A análise do Governador do Banco de Portugal, Vítor Constâncio, sobre o impacto da Reforma da Segurança Social nas contas públicas mereceu muitas críticas por parte dos que consideram inaceitável dar prioridade aos números sobre as pessoas e um silêncio assinalável daqueles que defendem uma Segurança Social (SS) mais liberal. É evidente que ninguém quer aplaudir, é compreensível, uma reforma que, aparentemente, é uma contra-reforma social. É também evidente que mesmo aqueles que desejam uma maior sustentabilidade da SS não olham com agrado uma reforma que não abre o sistema ao sector privado.

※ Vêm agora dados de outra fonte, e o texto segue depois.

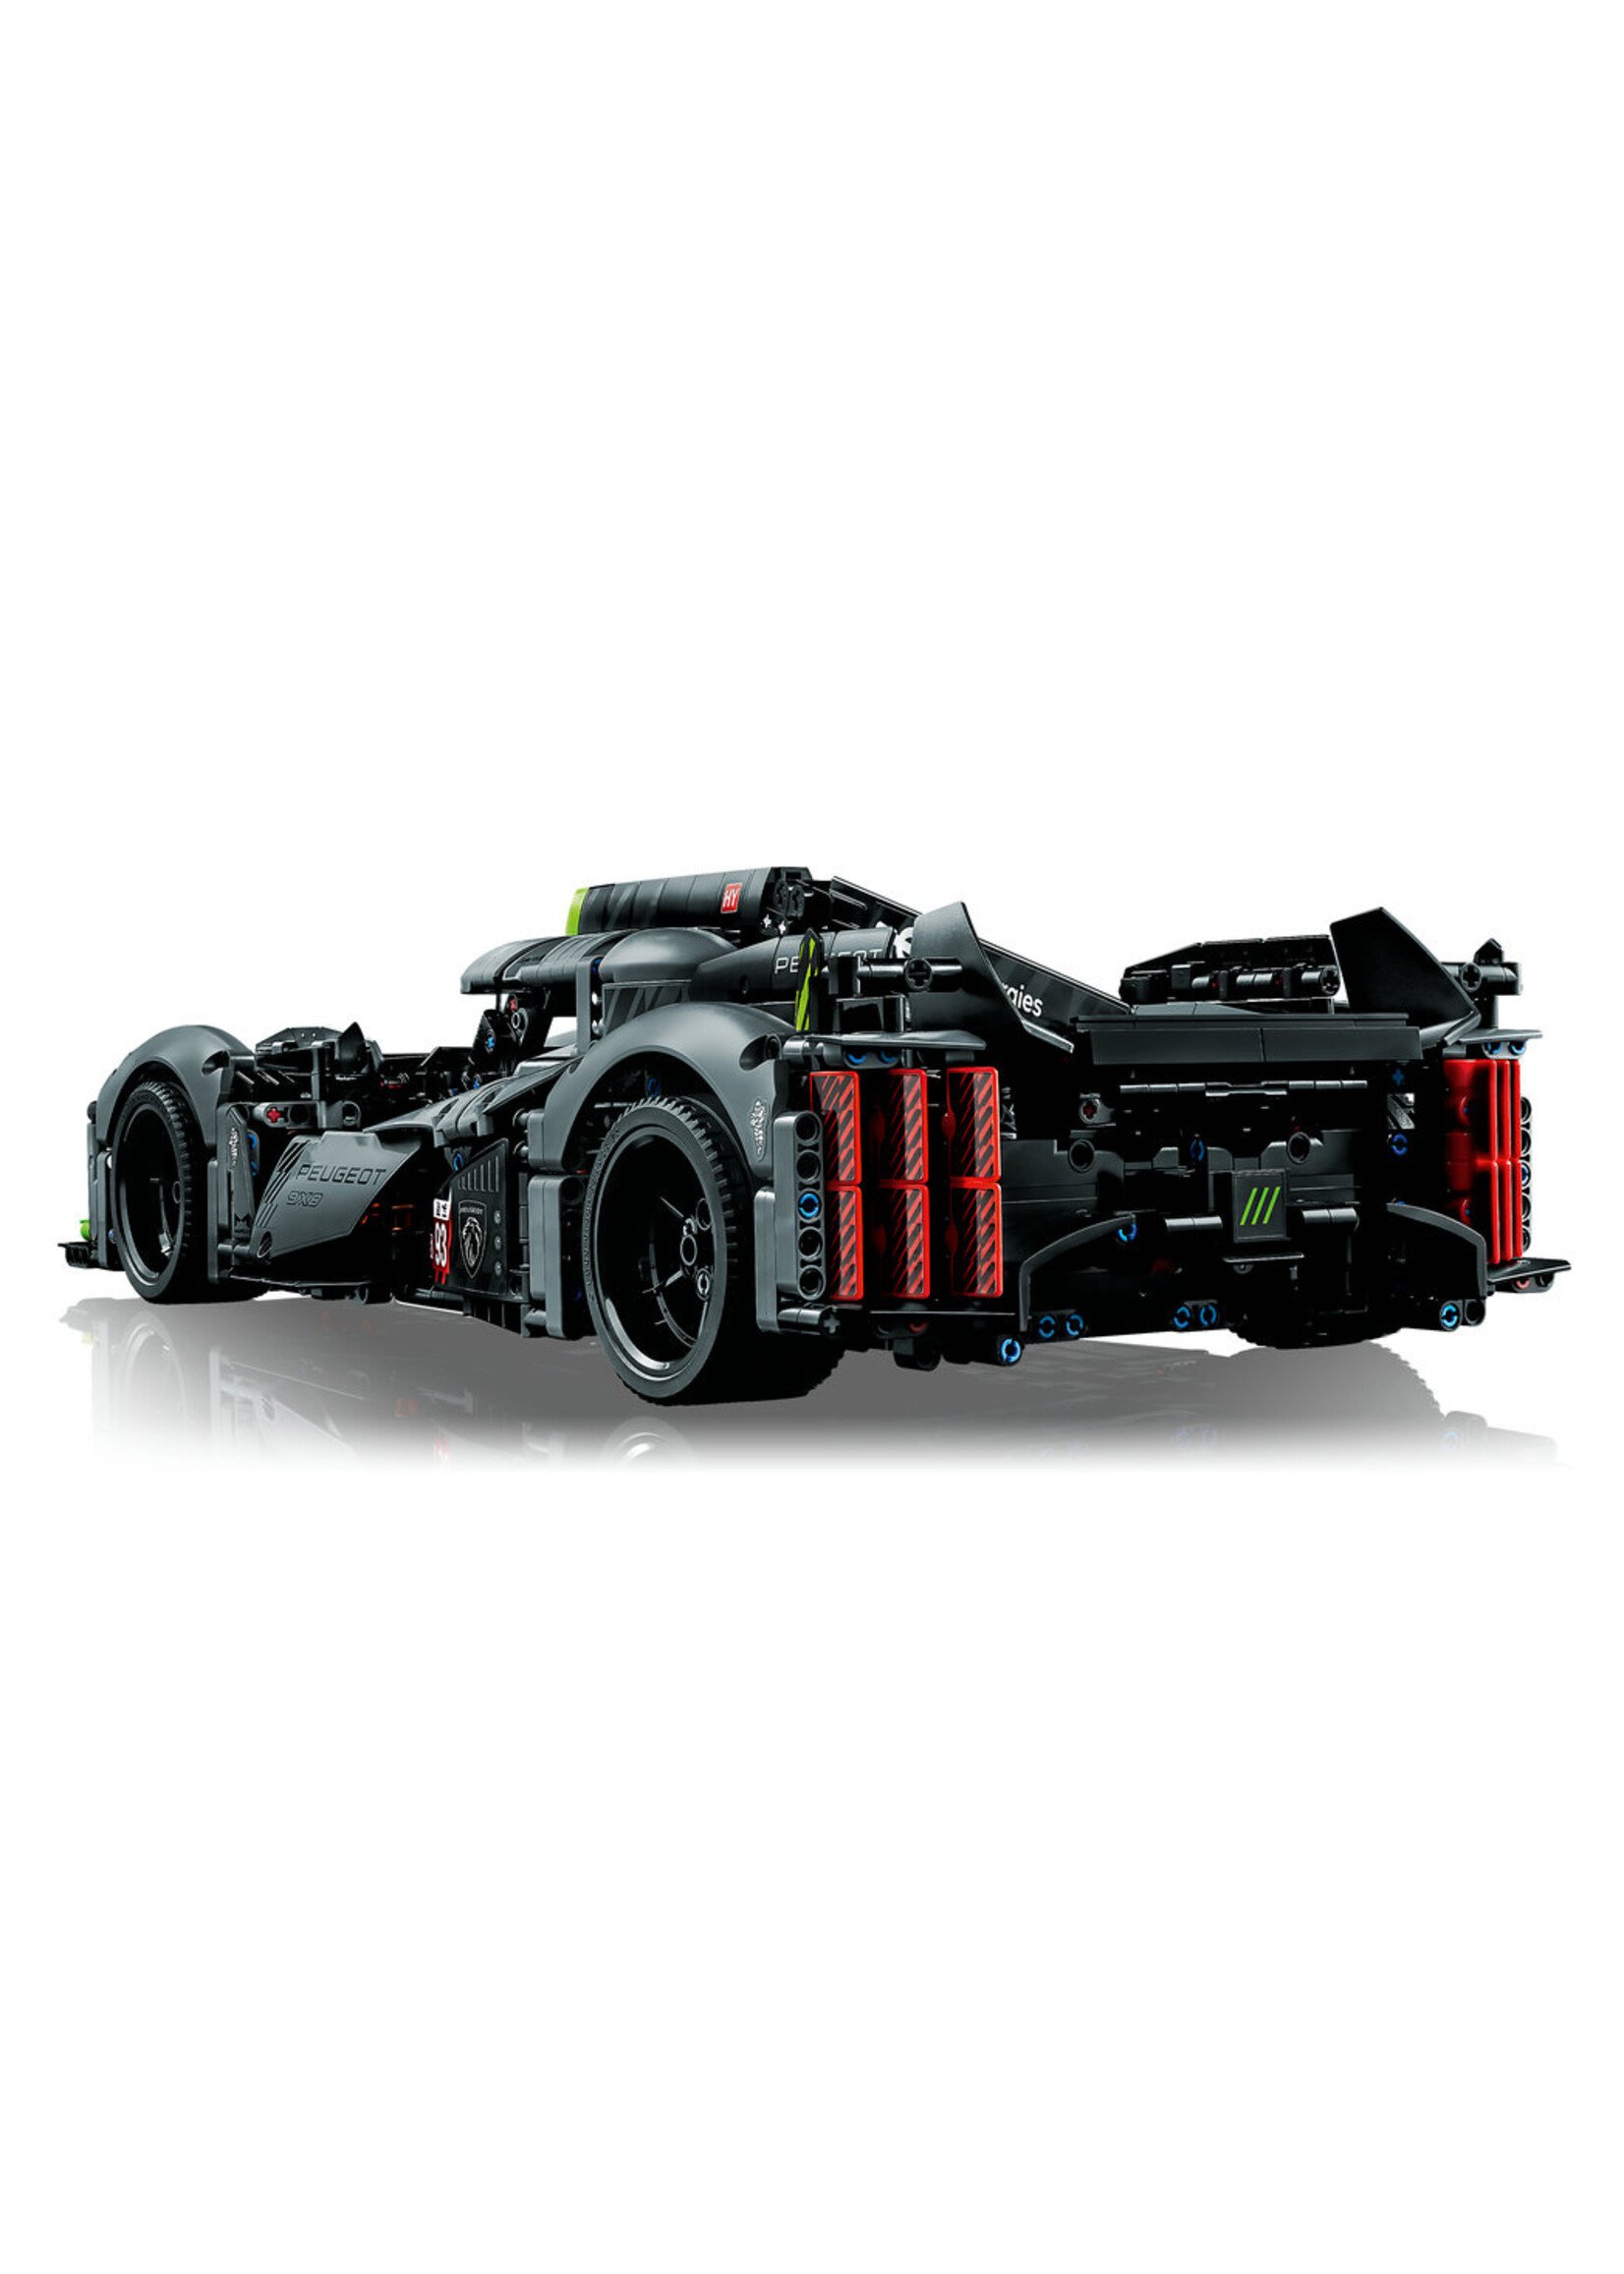 LEGO 42156 - Peugeot 9x8 24 Hour LeMans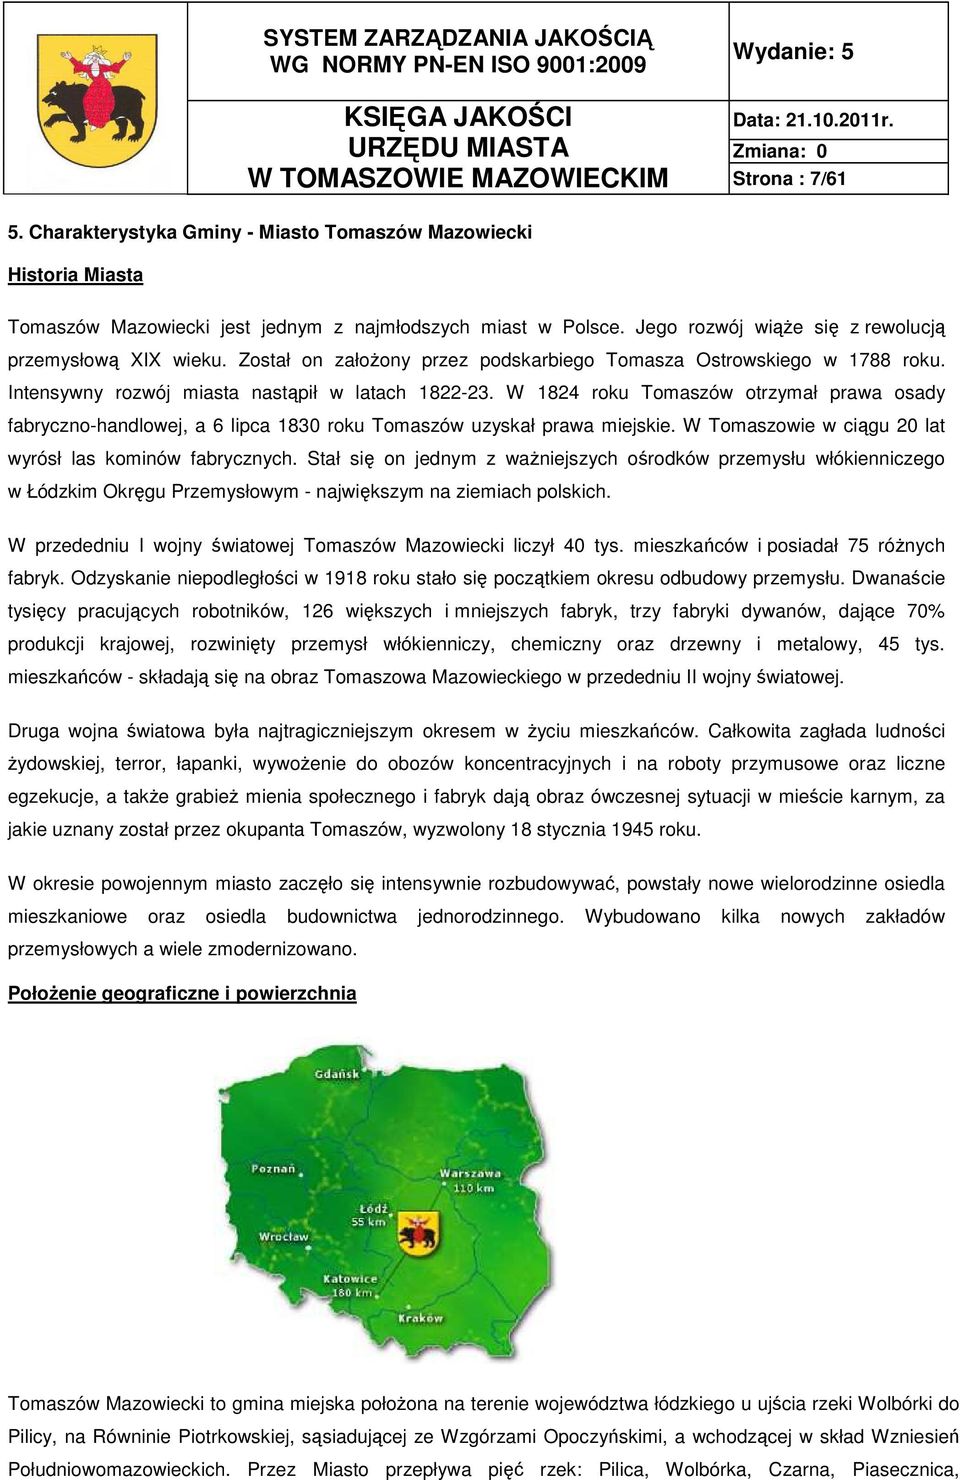 W 1824 roku Tomaszów otrzymał prawa osady fabryczno-handlowej, a 6 lipca 1830 roku Tomaszów uzyskał prawa miejskie. W Tomaszowie w ciągu 20 lat wyrósł las kominów fabrycznych.

As reacções são a espuma da reforma mas são bastante elucidativas.
O que os primeiros, os que têm uma visão de esquerda mais tradicional, estão a esquecer é que tudo tem custos e manter a SS tal como estava tinha um efeito inevitável, ou dito de outra forma, considerando que antes da reforma Portugal tinha que ter uma variação do valor do saldo orçamental primário permanente até 2050 para garantir uma dívida pública de 60% de 2,5% (em percentagem do PIB), então quem não defende esta reforma tem que defender uma diminuição dos custos ou aumento da receita nesta percentagem de forma permanente. Isso implica uma subida permanente dos impostos ou uma redução, também permanente, dos serviços públicos e da mão de obra do Estado até 2050. Não podemos defender simplesmente que a Reforma é injusta e, ao mesmo tempo, ignorar que se não fosse feita provocava outros efeitos sociais talvez ainda mais notórios.
Os segundos, os que defendem uma maior abertura da SS aos privados, também não podem gostar duma reforma que torna sustentável, a longo prazo, a SS pública porque perdem exactamente esse argumento, ou seja, o da não sustentabilidade do sistema público. Antes da reforma, dado o envelhecimento da população, previa-se que a variação da despesa com pensões em percentagem do PIB era de 8,9% e que agora, depois da reforma, fica abaixo da média europeia, passando para 2%. Não é a salvação do sistema público mas indica que este continua a ser perfeitamente defensável, sendo que é necessário, como é óbvio, ser flexível na adaptação ao contexto.
Há uma análise de fundo que fica por fazer e que necessita de ser esclarecida, concretizando, qual é o enquadramento que deve ser dado às políticas sociais, ou melhor, se deve ser a produtividade que tem que andar atrás destas ou se são as políticas sociais que se têm de adaptar à produtividade. Na minha opinião nem uma coisa nem outra, ou seja, as duas questões têm que andar de mãos dadas, ou melhor, é impossível obter mais produtividade sem políticas sociais porque não podemos ignorar os custos sociais (não os custos do financiamento das políticas sociais mas os custos que a ausência de políticas sociais provocam na economia) na economia nem as políticas sociais podem ignorar a produtividade porque esta é, desculpem o pleonasmo, o sustentáculo da sua sustentabilidade. Não podemos ser ingénuos, a SS tal como foi idealizada na década de 80 não era sustentável e criou, isso já não se pode apagar, injustiças geracionais graves com a agravante de termos incluído todos no bolo, os que contribuíram e os que não o fizeram, dando um peso excessivo aos últimos anos de trabalho, permitindo a compra de anos de trabalho e a generalização de reformas antecipadas com penalizações baixas e, por pouco, não demos a prova que a SS não podia ser gerida pelo Estado. Este recuo, excessivo e injusto para esta geração porque também visa corrigir os excessos não sustentados da anterior geração, é a adaptação do sistema para os novos tempos e, por fim, afasta um dos argumentos mais fortes para o fim do sistema público de SS.